I have a dataframe of people and I am trying to express their age with decimals in the dataframe relative to a specific date that I am getting from the name of the CSV. This code works until I get to a leap year in my dataset.
So for 2016-people.csv
I have the following:
name,dob
John,1989-12-14
Luc,1985-01-10
Picard,1987-10-13
Patrick,1986-02-19
Swayze,1987-06-10
My code is as follows:
# get csv from directory
df = pd.read_csv(csv, index_col=0, parse_dates=["dob"])
# form date string
date_string = re.split(r'\s|-', csv)[0] + '0915'
d_date = pd.to_datetime(int(date_string),format='%Y%m%d', errors='coerce')
# adding age column
df['age'] = df['dob'].apply(
lambda x: (d_date.year - x.year -
((d_date.month, d_date.day) < (x.month, x.day)))
)
# calculating fraction of year passed since last birthday
df['fractional_age'] = df['dob'].apply(
lambda x: (d_date - pd.to_datetime(x.replace(year=d_date.year))).days / 365.25
if (x.month, x.day) <= (d_date.month, d_date.day)

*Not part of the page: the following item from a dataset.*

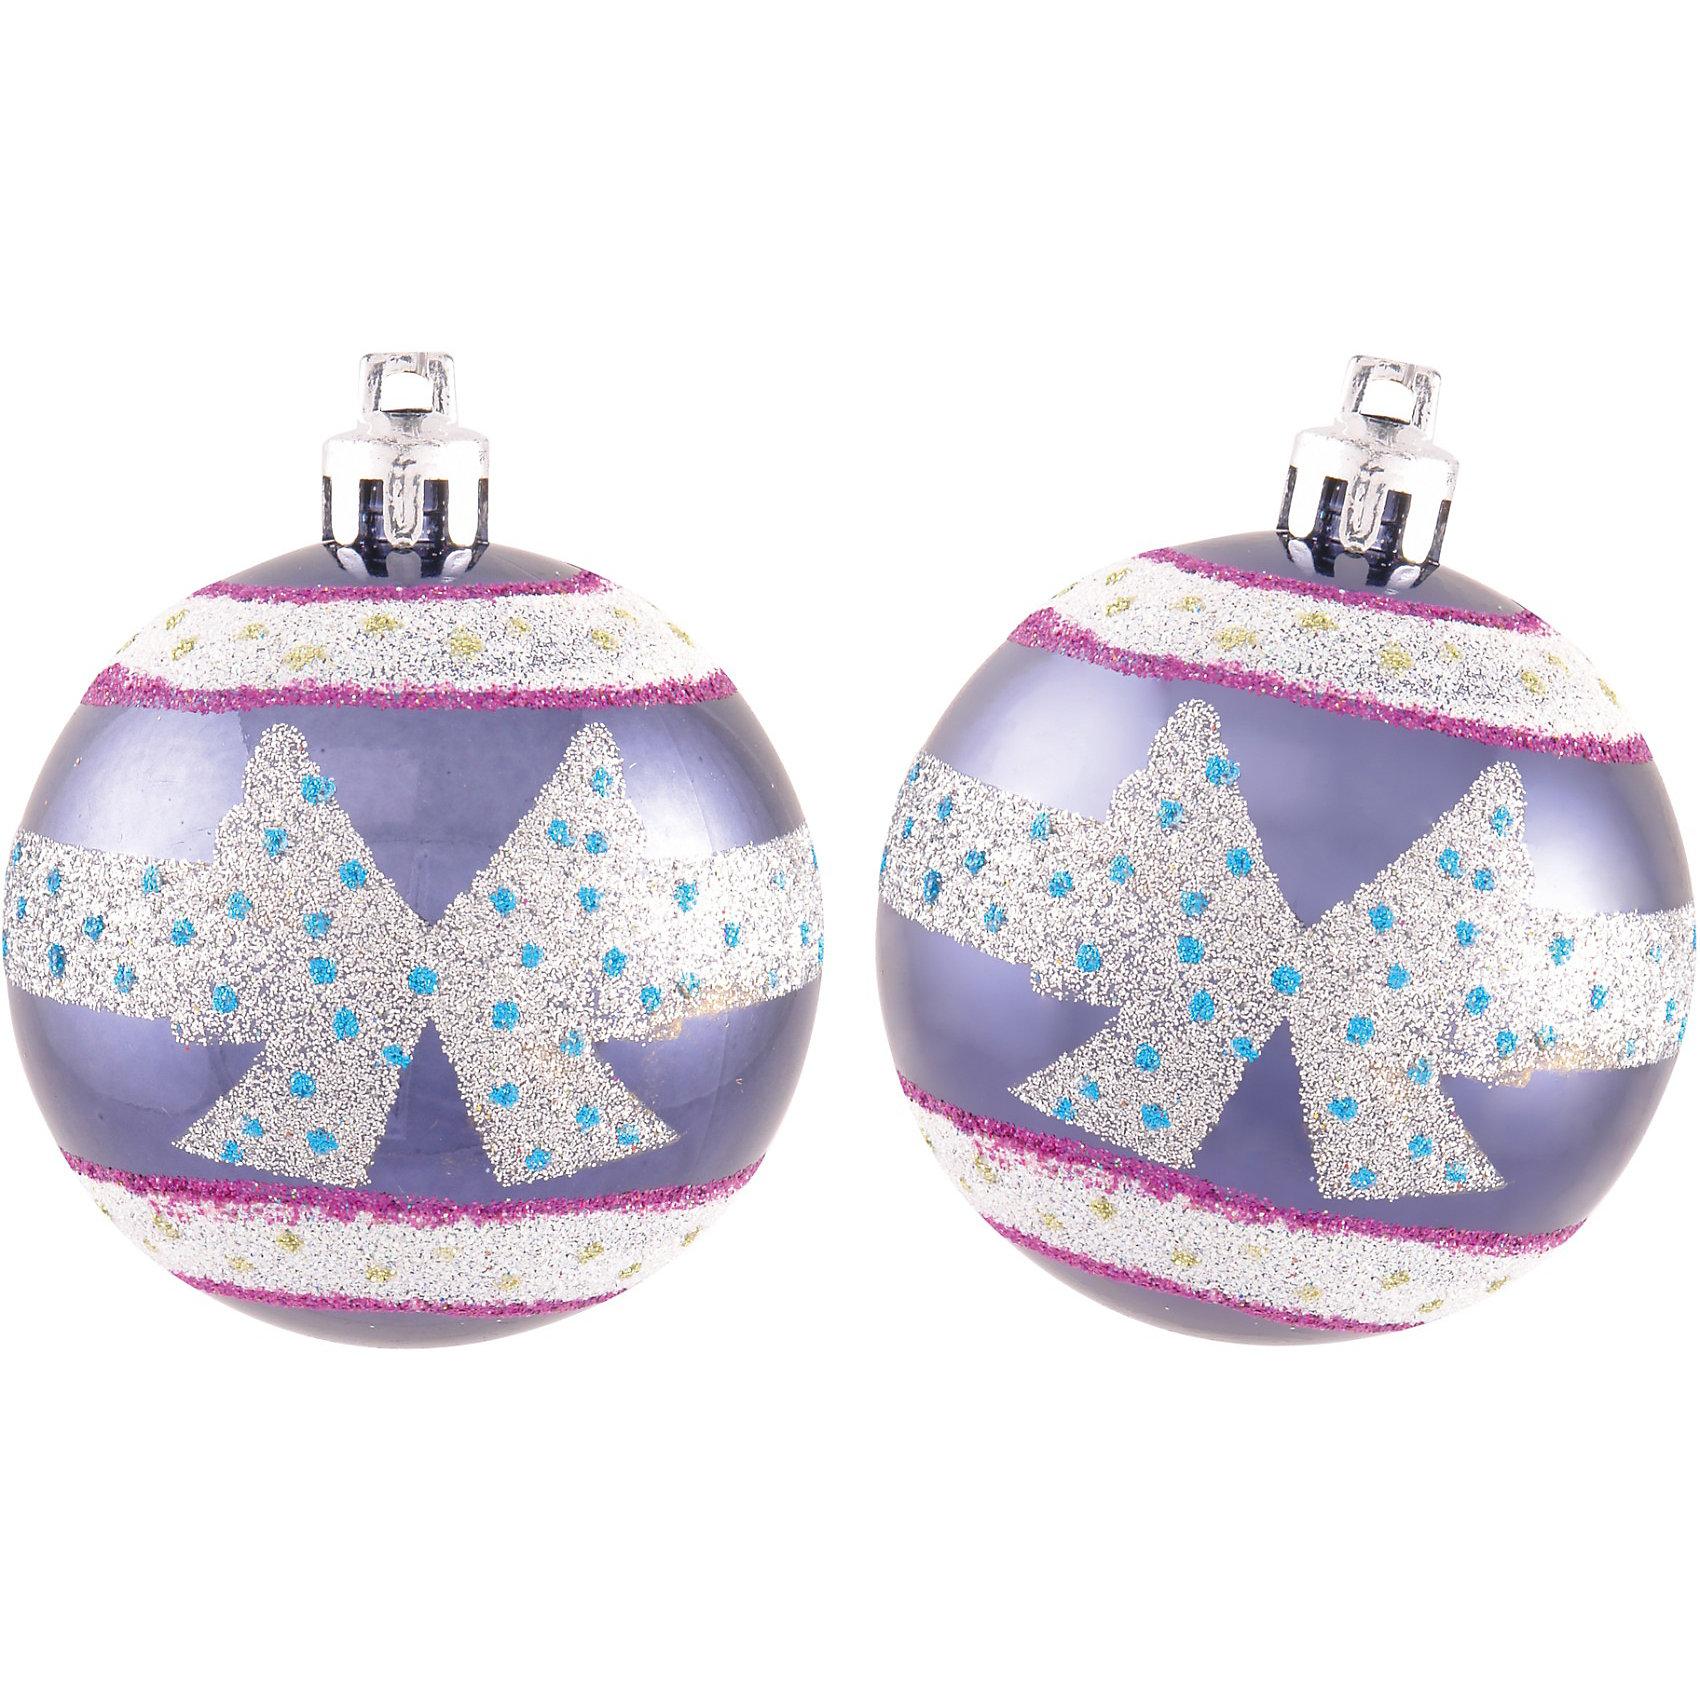 Шары с рисунком, 6 см, 6 шт., цвет - синий + сереброШары с рисунком, Волшебная страна станут замечательным украшением для Вашей новогодней елки и помогут создать праздничную волшебную атмосферу. В комплекте шесть<br>синих шаров, украшенных серебристыми узорами, они будут чудесно смотреться на елке и радовать детей и взрослых. Шары упакованы в прозрачную коробочку из ПВХ.<br><br>Дополнительная информация:<br><br>- Цвет: синий + серебро.<br>- В комплекте: 6 шт.<br>- Диаметр шара: 6 см.<br>- Размер упаковки: 17,5 x 11,5 x 5,7 см.<br>- Вес: 89 гр.<br><br>Шары с рисунком, Волшебная страна, можно купить в нашем интернет-магазине.<br><br>Ширина мм: 370<br>Глубина мм: 120<br>Высота мм: 60<br>Вес г: 89<br>Возраст от месяцев: 60<br>Возраст до месяцев: 180<br>Пол: Унисекс<br>Возраст: Детский<br>SKU: 3791386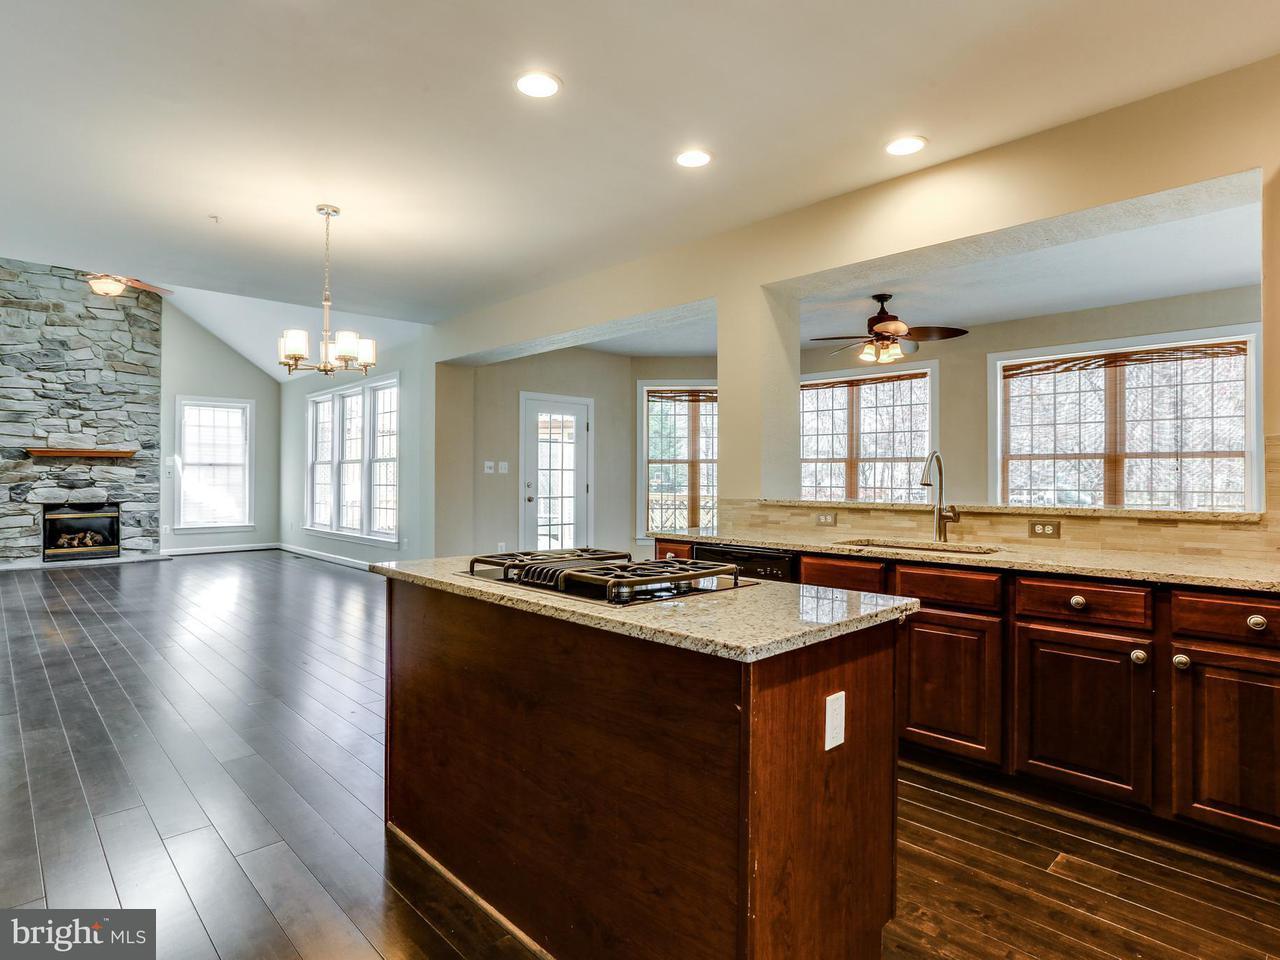 一戸建て のために 売買 アット 6207 Kinsey Ter 6207 Kinsey Ter Lanham, メリーランド 20706 アメリカ合衆国

else (d_date - pd.to_datetime(x.replace(year=d_date.year - 1))).days / 365.25
)
df['age'] = df['age'] + df['fractional_age']
df = df.drop(columns=['fractional_age'])
Which works. I get the following:
name,dob,age
John,1989-12-14,26.7556468172484
Luc,1985-01-10,31.6817248459958
Picard,1987-10-13,28.9253935660506
Patrick,1986-02-19,30.5722108145106
Swayze,1987-06-10,29.2655715263518
However, if I pass a CSV into this function that contains a dob on February 29th of a leap year, it throws the following value error:
File "...\addage.py", line 22, in add_age
df['fractional_age'] = df['dob'].apply(
^^^^^^^^^^^^^^^^
File "...\AppData\Roaming\Python\Python311\site-packages\pandas\core\series.py", line 4630, in apply
return SeriesApply(self, func, convert_dtype, args, kwargs).apply()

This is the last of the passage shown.